Exosite based inhibition of the MMP-13 hemopexin domain as a potential wide range therapeutic strategy for breast and colorectal cancers

This project aims to develop promising therapeutic strategies against breast and colorectal cancers. Matrix metalloproteinase-13 (MMP-13) has long been identified as a target of inhibition in the treatment of osteoarthritis (OA), rheumatoid arthritis (RA) and breast cancer. Recent reports suggest that selective inhibition of MMP-13 can be achieved by targeting the hemopexin (Hpx) domain of the protease which is critical for its substrate specificity. For the first time, in our earlier cheminformatics study, we targeted putative characteristic hemopexin residues (HCR- 13pf) of MMP-13 and identified seven lead molecules using high throughput virtual screening. As preliminary data, we present here the experimental validation of these lead compounds. Two compounds exhibit potential inhibitory activity against MMP-13. Our results support that these compounds can serve as building blocks for designing therapeutic possibilities for the treatment of breast and colorectal cancers.
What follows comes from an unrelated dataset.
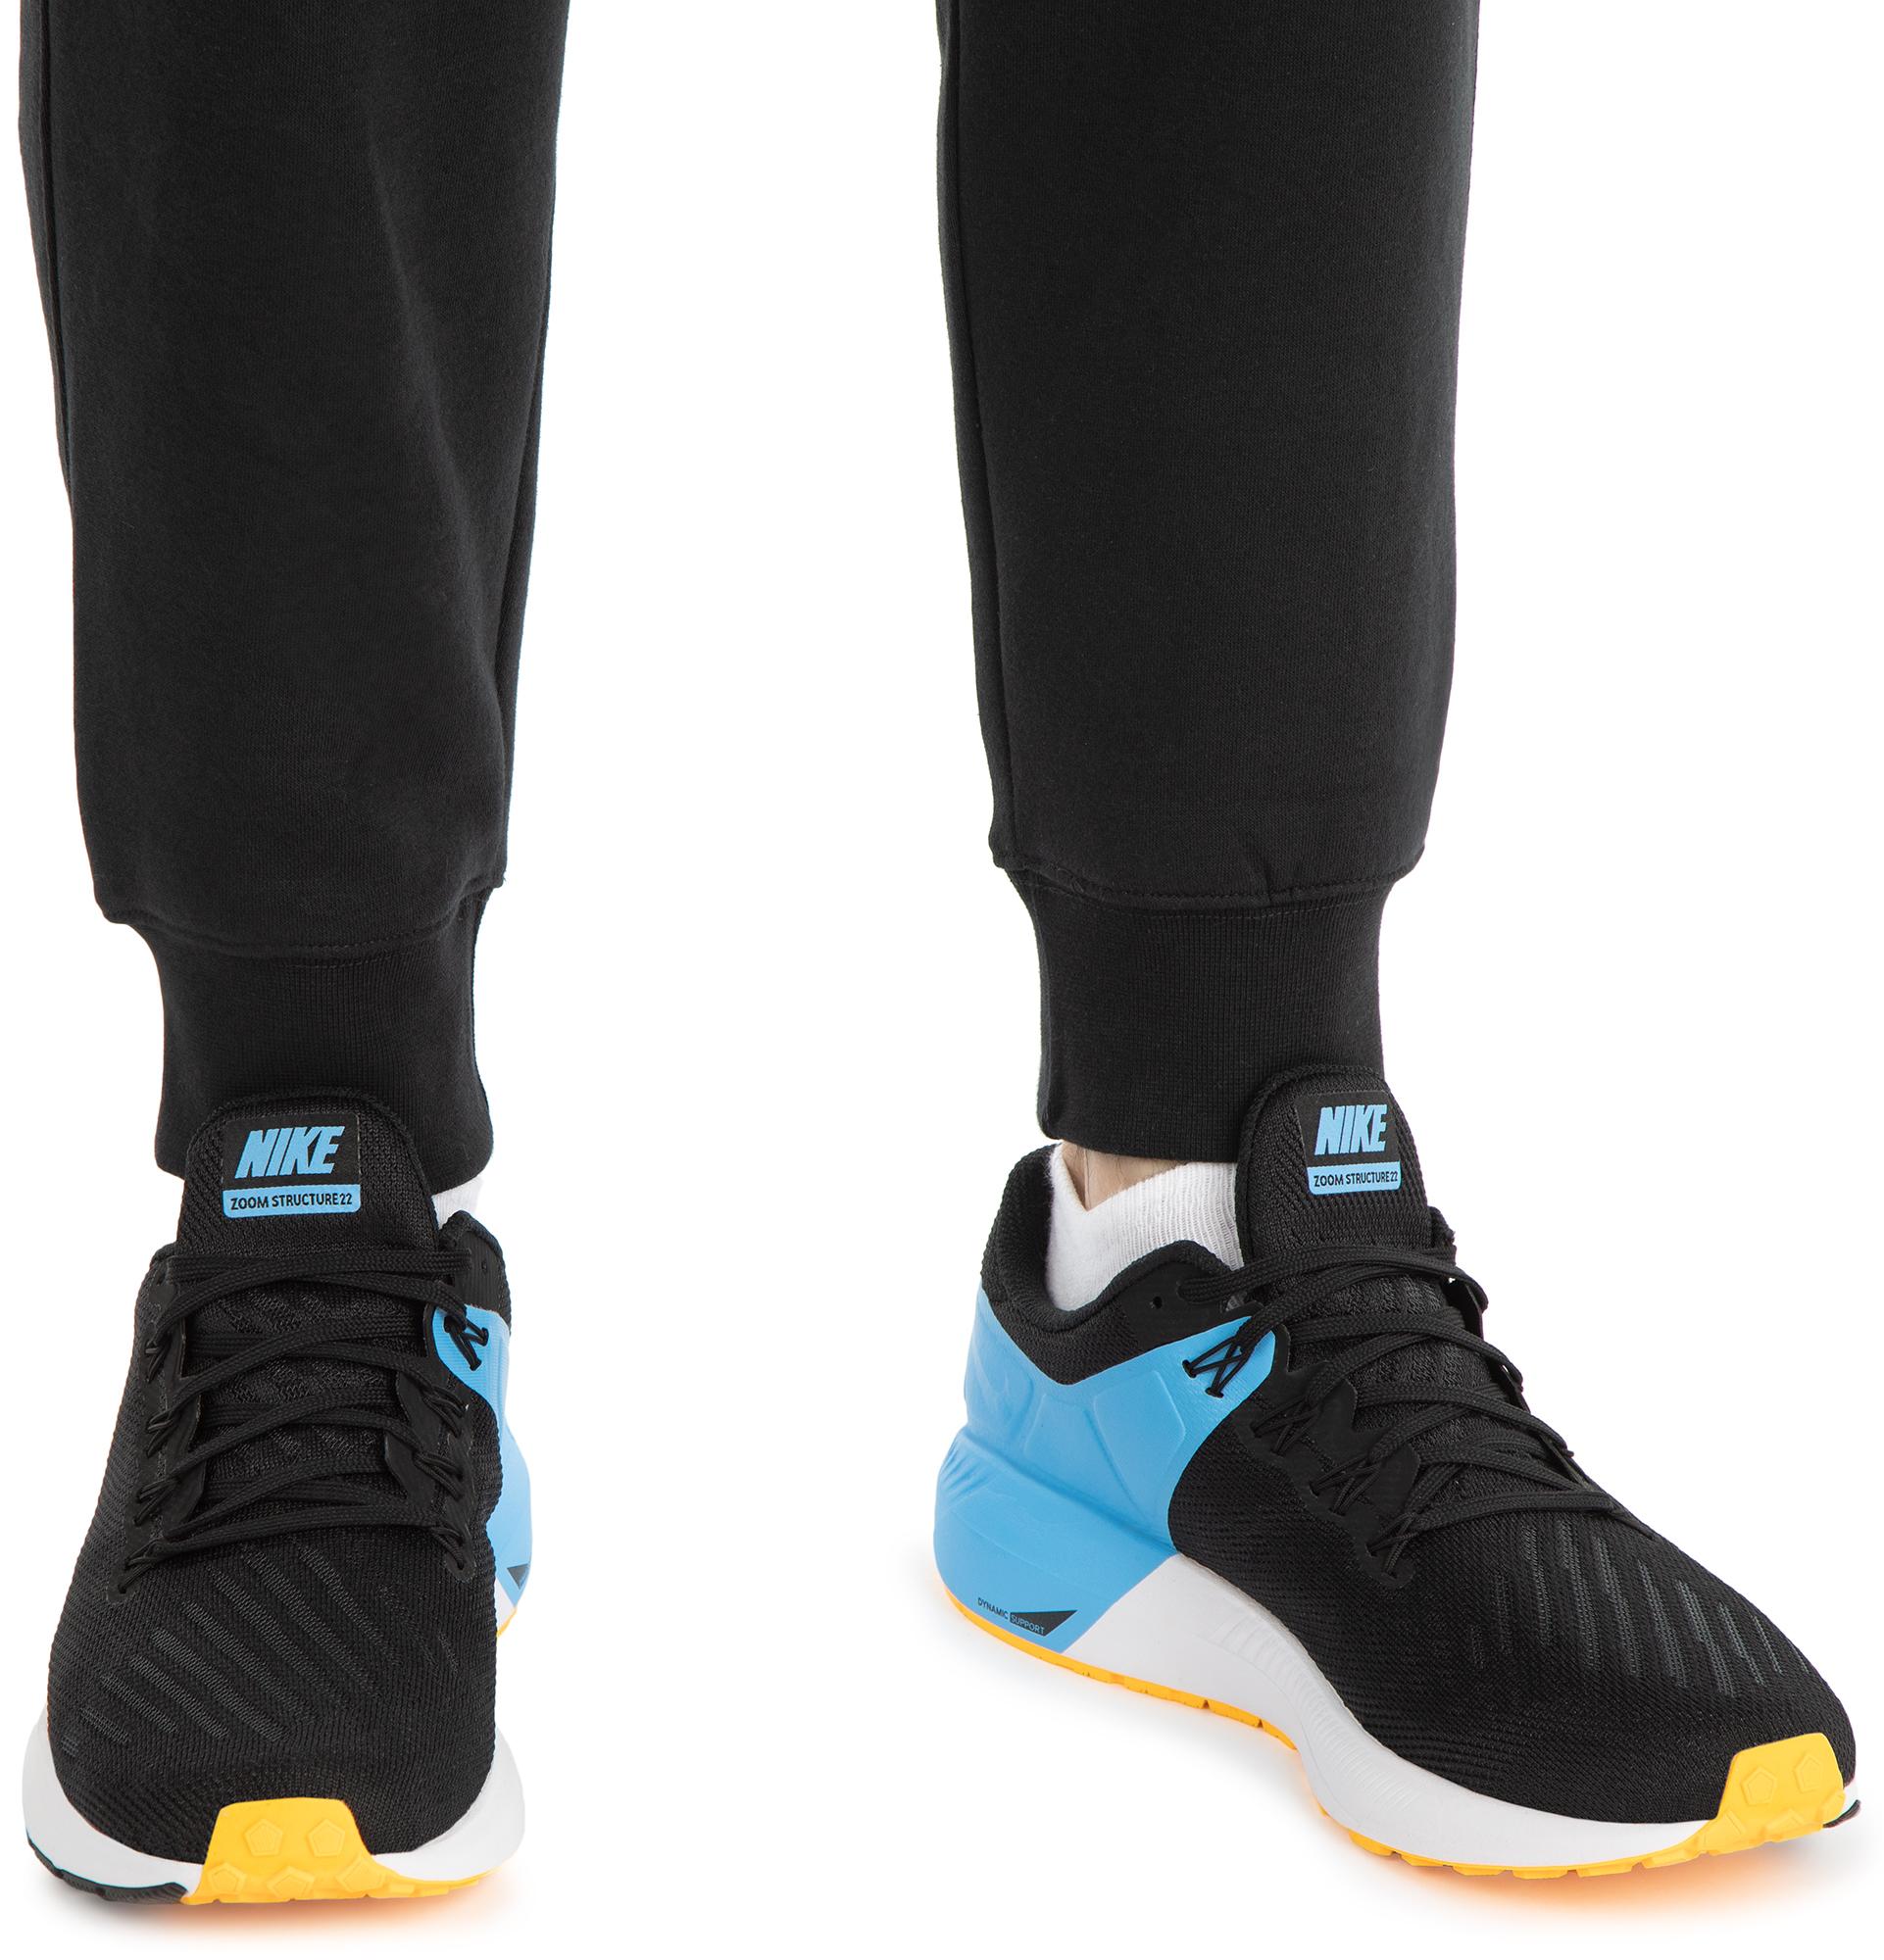 Nike Кроссовки мужские Nike Air Zoom Structure 22, размер 46,5 цена
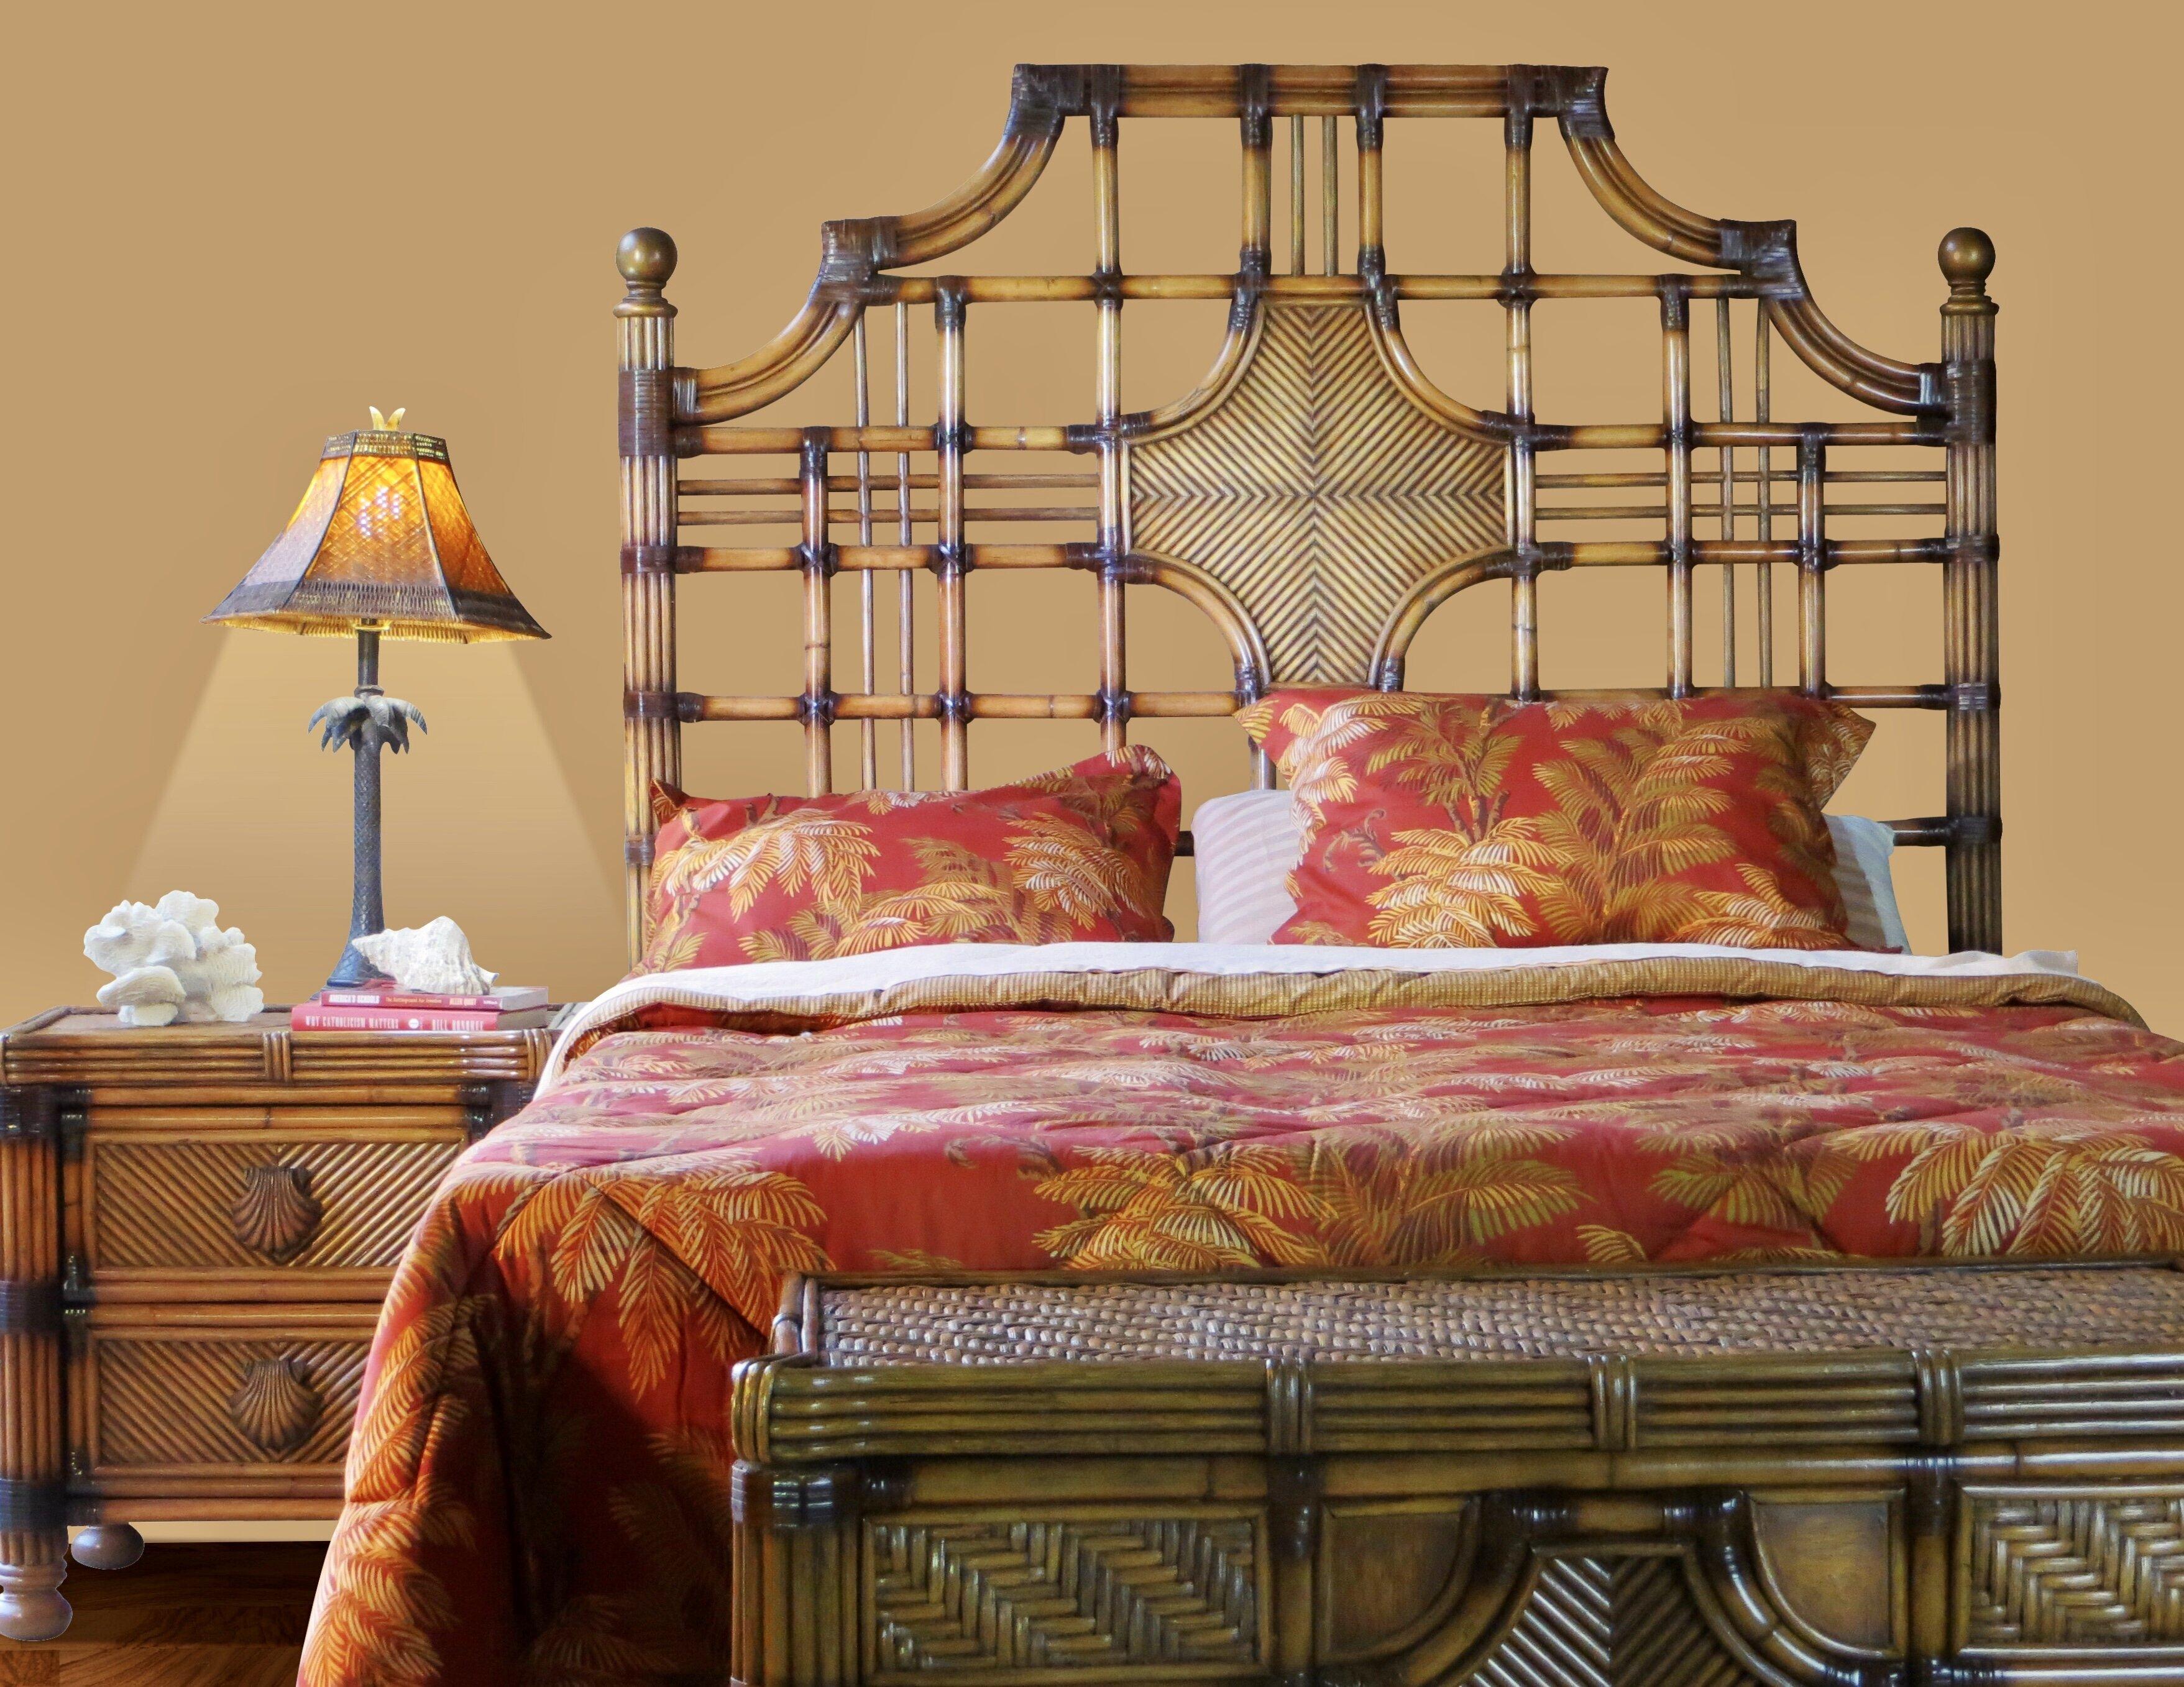 Wicker Rattan Bedroom Sets You Ll Love In 2021 Wayfair

In this proposal our specific aims are: 1. Synthesis of a small library of compounds 5 and 6: 2. Determine inhibition of MMP13 activity of new derivatives of compounds 5 and 6 3. Confirm anti-tumor effects of compounds 5 and 6 and their new derivatives: 4. Determine heparin-enhanced detection of MMP13 activity using gelatin zymography: 5. Determine anti-invasive effects of compounds 5 and 6 and their derivatives 6. Investigate in vivo efficacies of compounds 5 and 6 and their derivatives. 7. Crystal structure of the Hpx domain of MMP-13 in complex with compounds 5 and 6 and their derivatives.